Ollama-style Voice Model Management - Self-hosted OpenAI-compatible Speech AI

These details have not been verified by PyPI

Project links

Project description

Vocal

Generic Speech AI Platform - Ollama for Voice Models

Vocal is an API-first speech AI platform with automatic OpenAPI spec generation, auto-generated SDK, and Ollama-style model management. Built with a generic registry pattern supporting multiple providers.

🚀 Quick Start (5 minutes)

# 1. Clone and setup
git clone <repo-url>
cd vocal
make install

# 2. Start API
make serve

# 3. Visit interactive docs
# Open: http://localhost:8000/docs

# 4. Use SDK to transcribe
python sdk_example.py your_audio.mp3

That's it! Models auto-download on first use.

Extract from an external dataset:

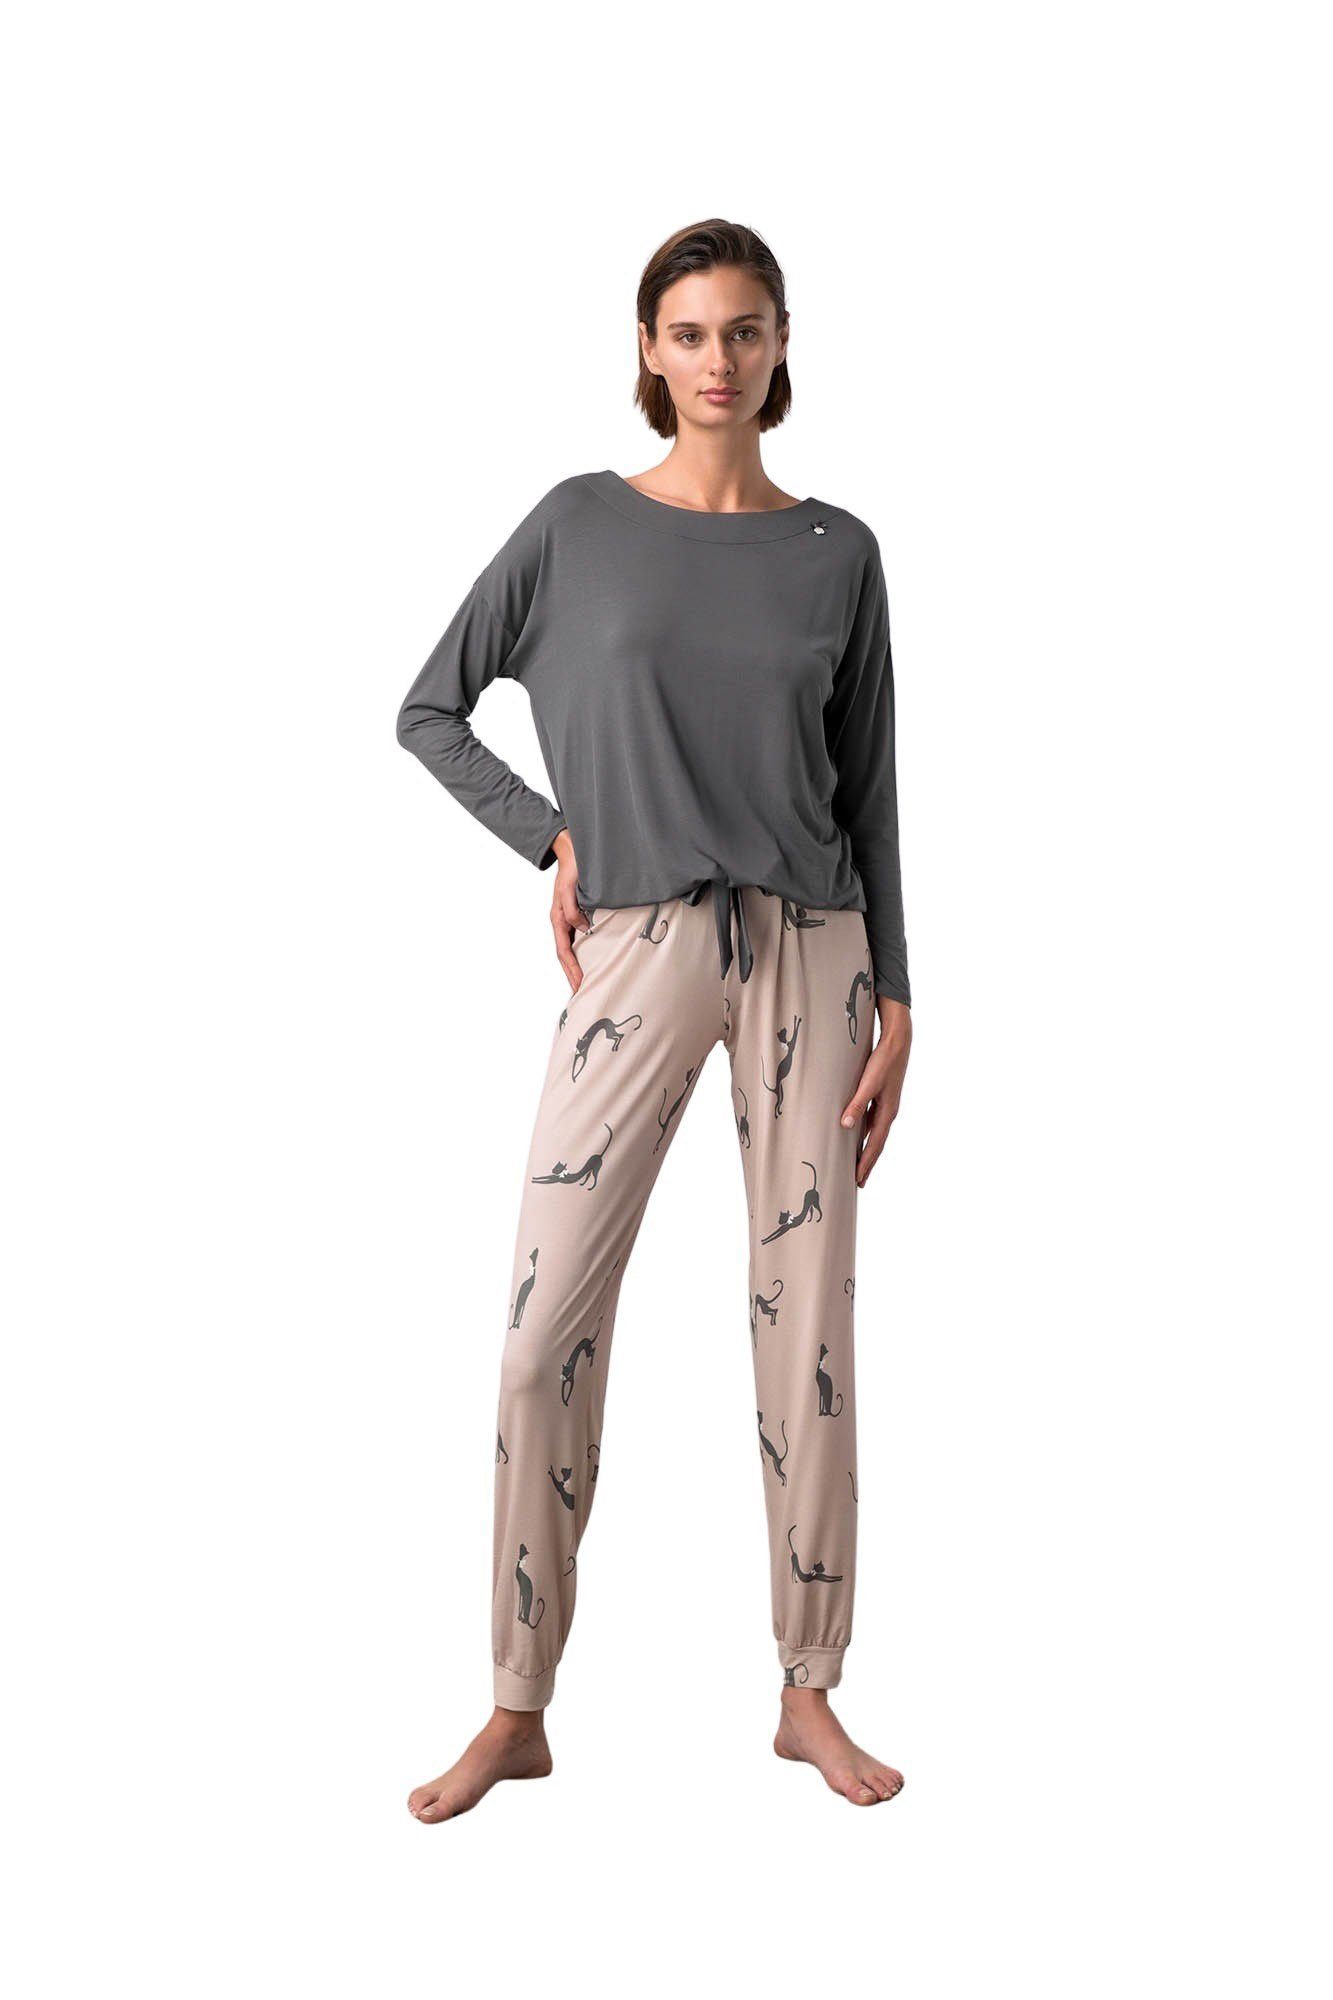 Damen exquisiter Vamp 2-teilig, Langarm, Schlafanzug Pyjama (Set, magnet gray 2 Set) Schlafanzug tlg.,

Pro tip: Run make help to see all available commands.

Features

🎯 API-First Architecture: FastAPI with auto-generated OpenAPI spec
📖 Interactive Docs: Swagger UI at /docs endpoint
📦 Auto-Generated SDK: Python SDK generated from OpenAPI spec
🔄 Ollama-Style: Model registry with pull/list/delete commands
🚀 Fast Inference: faster-whisper (4x faster than OpenAI Whisper)
⚡ GPU Acceleration: Automatic CUDA detection with VRAM optimization
🌍 99+ Languages: Support for multilingual transcription
🔌 Extensible: Generic provider pattern (HuggingFace, local, custom)
🎤 OpenAI Compatible: /v1/audio/transcriptions endpoint
🔊 Text-to-Speech: Neural TTS with Piper or system voices
🎨 CLI Tool: Typer-based CLI with rich console output
✅ Production Ready: 23/23 E2E tests passing with real audio assets

Quick Start

1. Installation

git clone <repo-url>
cd vocal

# Option 1: Using Makefile (recommended)
make install

# Option 2: Using uv directly
uv venv
uv sync

2. Start API Server

# Using Makefile
make serve

# Or using uv directly
uv run uvicorn vocal_api.main:app --port 8000

# Development mode with auto-reload
make serve-dev

The API will be available at:

API: http://localhost:8000
Interactive Docs: http://localhost:8000/docs 🎉
OpenAPI Spec: http://localhost:8000/openapi.json
Health: http://localhost:8000/health

3. Use the SDK

from vocal_sdk import VocalSDK

# Initialize client
client = VocalSDK(base_url="http://localhost:8000")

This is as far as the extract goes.